THE RECORDS: Begin

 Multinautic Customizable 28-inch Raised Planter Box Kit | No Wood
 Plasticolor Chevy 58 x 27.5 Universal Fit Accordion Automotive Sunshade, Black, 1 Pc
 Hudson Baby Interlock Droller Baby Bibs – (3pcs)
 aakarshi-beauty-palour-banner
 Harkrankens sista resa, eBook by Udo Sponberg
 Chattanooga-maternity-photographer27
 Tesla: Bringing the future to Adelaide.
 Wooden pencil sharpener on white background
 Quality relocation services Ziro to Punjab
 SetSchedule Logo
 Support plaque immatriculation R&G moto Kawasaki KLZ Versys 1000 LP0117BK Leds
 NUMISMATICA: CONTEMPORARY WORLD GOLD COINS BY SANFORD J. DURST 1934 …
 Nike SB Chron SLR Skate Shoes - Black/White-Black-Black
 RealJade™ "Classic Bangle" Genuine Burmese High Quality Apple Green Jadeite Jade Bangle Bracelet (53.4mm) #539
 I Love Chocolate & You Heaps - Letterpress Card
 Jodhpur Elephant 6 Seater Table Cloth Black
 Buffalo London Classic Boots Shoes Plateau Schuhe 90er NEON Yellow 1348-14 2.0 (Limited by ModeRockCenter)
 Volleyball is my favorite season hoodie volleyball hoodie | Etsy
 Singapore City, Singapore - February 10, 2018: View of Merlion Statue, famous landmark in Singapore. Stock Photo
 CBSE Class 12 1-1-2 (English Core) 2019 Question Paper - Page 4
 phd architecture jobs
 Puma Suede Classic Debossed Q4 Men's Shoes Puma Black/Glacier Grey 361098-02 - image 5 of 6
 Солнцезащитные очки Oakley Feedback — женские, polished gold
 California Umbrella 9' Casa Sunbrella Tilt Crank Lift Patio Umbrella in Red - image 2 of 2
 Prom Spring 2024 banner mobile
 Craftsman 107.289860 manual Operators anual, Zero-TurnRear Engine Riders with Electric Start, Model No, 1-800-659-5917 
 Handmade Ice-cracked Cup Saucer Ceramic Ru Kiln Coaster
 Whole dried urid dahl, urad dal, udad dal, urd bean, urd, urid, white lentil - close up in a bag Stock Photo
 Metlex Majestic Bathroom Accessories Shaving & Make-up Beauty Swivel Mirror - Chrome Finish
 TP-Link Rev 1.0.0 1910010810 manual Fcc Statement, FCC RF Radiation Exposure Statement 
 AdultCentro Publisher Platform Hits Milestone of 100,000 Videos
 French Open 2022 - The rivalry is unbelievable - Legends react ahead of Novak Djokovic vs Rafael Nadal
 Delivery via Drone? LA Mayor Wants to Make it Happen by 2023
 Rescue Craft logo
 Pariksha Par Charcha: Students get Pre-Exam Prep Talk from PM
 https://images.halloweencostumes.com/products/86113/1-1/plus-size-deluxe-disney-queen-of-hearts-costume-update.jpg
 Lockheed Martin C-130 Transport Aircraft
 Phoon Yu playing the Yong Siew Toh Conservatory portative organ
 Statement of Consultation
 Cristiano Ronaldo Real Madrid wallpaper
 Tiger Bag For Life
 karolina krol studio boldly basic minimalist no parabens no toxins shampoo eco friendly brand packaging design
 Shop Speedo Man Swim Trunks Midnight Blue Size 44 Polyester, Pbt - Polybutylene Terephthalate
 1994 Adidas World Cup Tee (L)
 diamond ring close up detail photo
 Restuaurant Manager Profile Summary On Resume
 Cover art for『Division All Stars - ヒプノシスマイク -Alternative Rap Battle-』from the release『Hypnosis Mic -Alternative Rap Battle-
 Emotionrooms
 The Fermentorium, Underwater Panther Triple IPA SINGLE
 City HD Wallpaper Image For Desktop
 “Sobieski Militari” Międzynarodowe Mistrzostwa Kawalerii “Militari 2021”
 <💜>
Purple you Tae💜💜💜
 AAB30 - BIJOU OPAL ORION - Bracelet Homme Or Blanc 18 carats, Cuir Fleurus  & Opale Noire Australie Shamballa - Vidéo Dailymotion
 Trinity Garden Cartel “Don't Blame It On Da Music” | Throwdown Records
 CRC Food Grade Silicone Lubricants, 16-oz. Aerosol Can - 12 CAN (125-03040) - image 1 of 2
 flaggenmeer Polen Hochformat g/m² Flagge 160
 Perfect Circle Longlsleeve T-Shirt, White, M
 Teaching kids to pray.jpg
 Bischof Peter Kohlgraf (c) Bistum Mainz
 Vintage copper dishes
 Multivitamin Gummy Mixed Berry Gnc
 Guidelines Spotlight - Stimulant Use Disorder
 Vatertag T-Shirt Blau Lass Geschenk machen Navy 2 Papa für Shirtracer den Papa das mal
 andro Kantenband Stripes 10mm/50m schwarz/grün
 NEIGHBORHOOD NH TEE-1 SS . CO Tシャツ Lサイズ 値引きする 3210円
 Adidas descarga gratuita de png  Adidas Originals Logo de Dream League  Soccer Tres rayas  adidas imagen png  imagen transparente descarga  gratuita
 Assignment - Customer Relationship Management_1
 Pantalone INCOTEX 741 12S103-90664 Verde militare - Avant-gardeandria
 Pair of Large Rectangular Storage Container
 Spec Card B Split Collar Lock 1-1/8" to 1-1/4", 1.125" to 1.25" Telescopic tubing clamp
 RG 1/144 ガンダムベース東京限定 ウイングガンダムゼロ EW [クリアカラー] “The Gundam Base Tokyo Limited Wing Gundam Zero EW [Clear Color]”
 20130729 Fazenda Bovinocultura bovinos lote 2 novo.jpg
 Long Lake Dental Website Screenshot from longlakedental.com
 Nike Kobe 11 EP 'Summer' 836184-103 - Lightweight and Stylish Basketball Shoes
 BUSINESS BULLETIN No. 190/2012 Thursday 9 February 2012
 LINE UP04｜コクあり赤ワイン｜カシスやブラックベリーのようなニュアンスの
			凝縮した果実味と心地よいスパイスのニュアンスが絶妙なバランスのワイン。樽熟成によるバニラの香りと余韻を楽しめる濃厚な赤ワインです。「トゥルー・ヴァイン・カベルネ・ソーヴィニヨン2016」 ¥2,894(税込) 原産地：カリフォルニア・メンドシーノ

THE RECORDS: End

▶ EXERCISE DETAILS
From the line that has "City HD Wallpaper Image For Desktop" through the line that has "Trinity Garden Cartel", copy every line exactly as it appears above, and leave out all others.

▶ ANSWER SPACE
 City HD Wallpaper Image For Desktop
 “Sobieski Militari” Międzynarodowe Mistrzostwa Kawalerii “Militari 2021”
 <💜>
Purple you Tae💜💜💜
 AAB30 - BIJOU OPAL ORION - Bracelet Homme Or Blanc 18 carats, Cuir Fleurus  & Opale Noire Australie Shamballa - Vidéo Dailymotion
 Trinity Garden Cartel “Don't Blame It On Da Music” | Throwdown Records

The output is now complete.